И именно этим объясняются многие вещи, которые в устах интервьюируемых обретают идеологическую, моральную или другую объяснительную окраску. Разумеется, я отдаю себе отчет, что в действительности поведение людей и их взаимодействие с обществом бесконечно сложнее, чем я описываю. Однако, не принимать во внимание эту генетическую активность человека нельзя, потому что она лежит в фундаменте всех его действий. Активные люди используют разные доступные им в данном обществе инструменты, чтобы подняться по социальной лестнице. Поэтому можно обвинять некоторых людей, которые добились какой-то ступеньки, в аморальности и даже преступности, но они использовали те социальные инструменты, которые были им доступны. Это, на мой взгляд, объясняет поведение многих людей, которых мы критикуем или просто не любим. На самом деле, с точки зрения социологии критиковать нужно не этих активных людей, а общество, которое предоставило им эти инструменты. Заметьте также, что эти люди, но также и мы, которые их критикуем, участвовали в легитимизации этих самых инструментов. Иначе говоря, это замкнутая система, это проблема курицы и яйца. Как выйти из этой системы — это другой вопрос. Очевидно, что существует множество выходов, и все они базируются на идеологии человека, предлагающего такой выход. А для съедобности обществом привлекаются всякого рода "научные" данные.
Конечно, энергетика — это не единственное качество личности, имеющее социальную значимость. К этому можно также прибавить темперамент, врожденную доброту или эмпатию к другим лицам (которая выражается в соответствующей морали), физическое здоровье и другие качества, имеющие физиологическую основу, но получающие социальное выражение.
Паттерн — образование многомерное зе социального поведения и поведения самого общества. Но "моральное-аморальное" поведение для объяснения индивида, на мой взгляд, бессмысленно. Оно находится совершенно в другой сфере и научному анализу не подлежит.

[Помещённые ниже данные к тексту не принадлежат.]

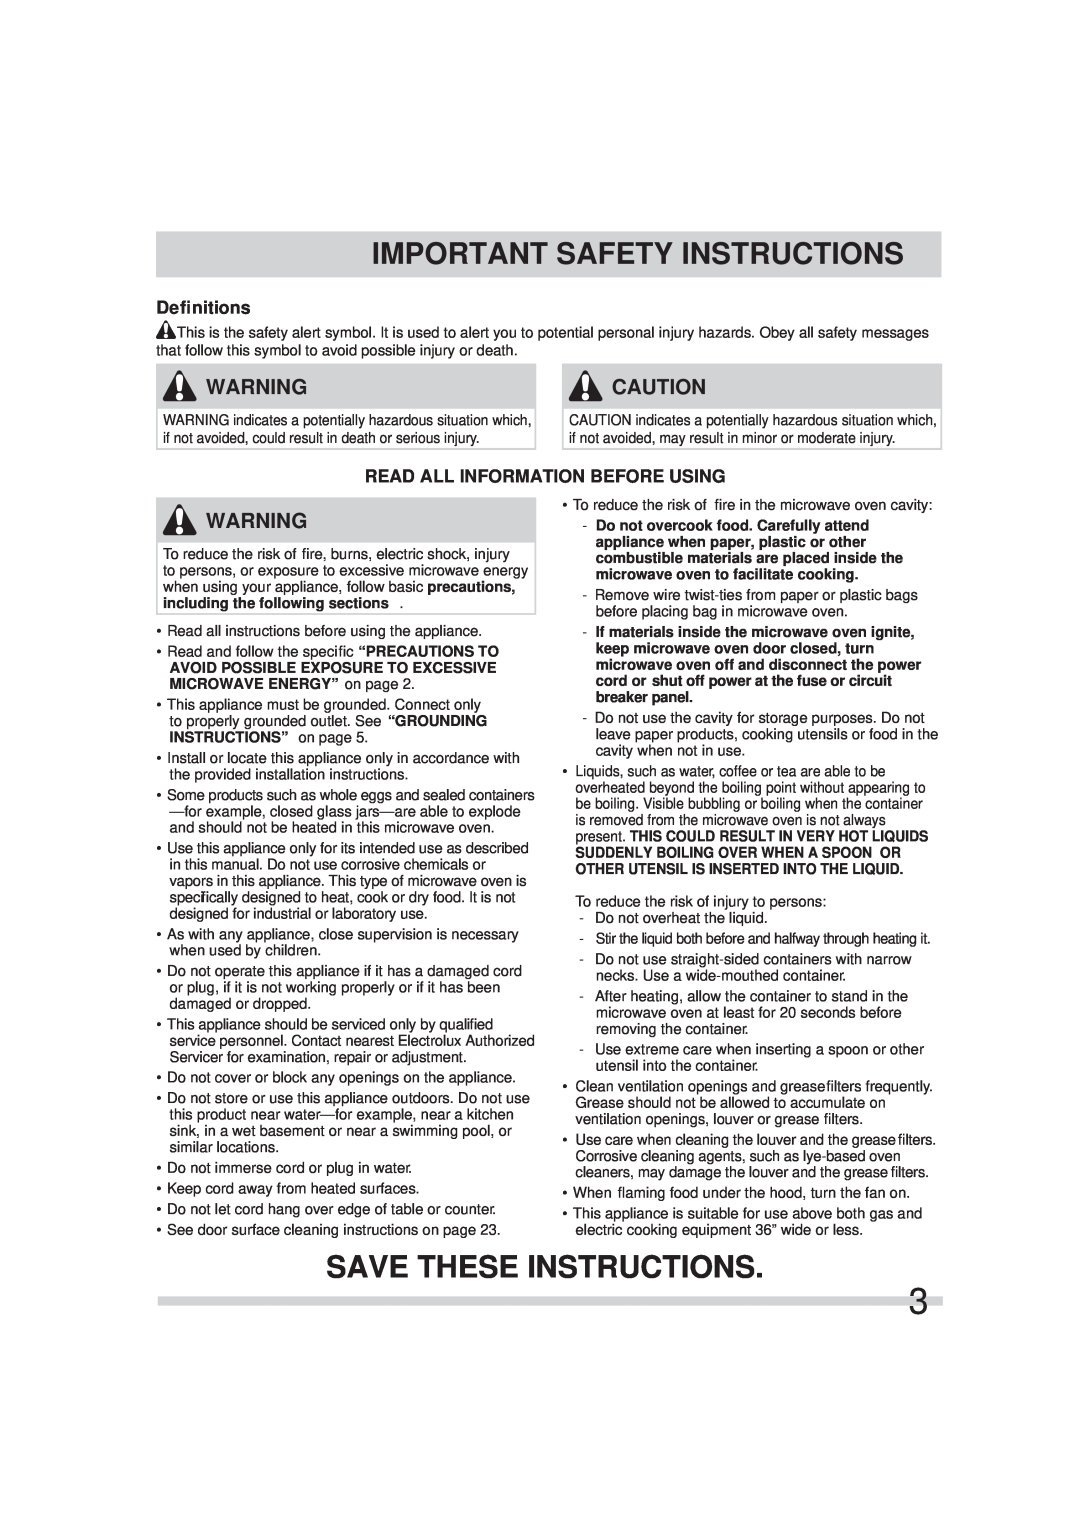 Frigidaire FFMV154CLS, FFMV152CLB, FFMV152CLW Save These Instructions, Deﬁnitions, Read All Information Before Using

Вместо построения интеллектуальных конструкций я хочу призвать социологов опираться на эмпирические данные, обращать больше внимания, активно искать паттерны взаимодействия людей между собой и паттерны взаимодействия людей с социальными институтами. Иногда эти взаимодействия очевидны, но чаще всего они очень тонки и ускользают от нашего внимания. Приведу самоочевидный пример. Во многих интервью обсуждается вопрос эмиграции, даются всякого рода мотивации и обсуждается моральность или аморальность такого действия. Но вот, что сказад мне П. Буторин, когда посмотрел некоторые из этих интервью: "уезжали, потому что создалась благоприятная ситуация и люди просто ею пользовались. И не надо ничего придумывать." Я полностью согласен с ним. Мы имеем взаимодействие между индивидом и государством: опыт активного индивида (в том смысле, как это было изложено выше) подсказывает, что он найдет лучшую жизнь вне страны. Значит, надо уезжать. Построение объяснений и мотиваций здесь вторично. Первичен гештальт — смутный образ, общее, часто бессознательное представление, определяющее поступки. И второе: мол, многие уже уехали и всё хорошо с ними. Так "зараза" овладевает умами многих людей, и они уезжают, даже если они сначала этого не хотели. Ситуация, на мой взгляд, простая, но она забалтывается разными сложными конструкциями. Человеку просто нужно объяснить свое поведение себе и другим.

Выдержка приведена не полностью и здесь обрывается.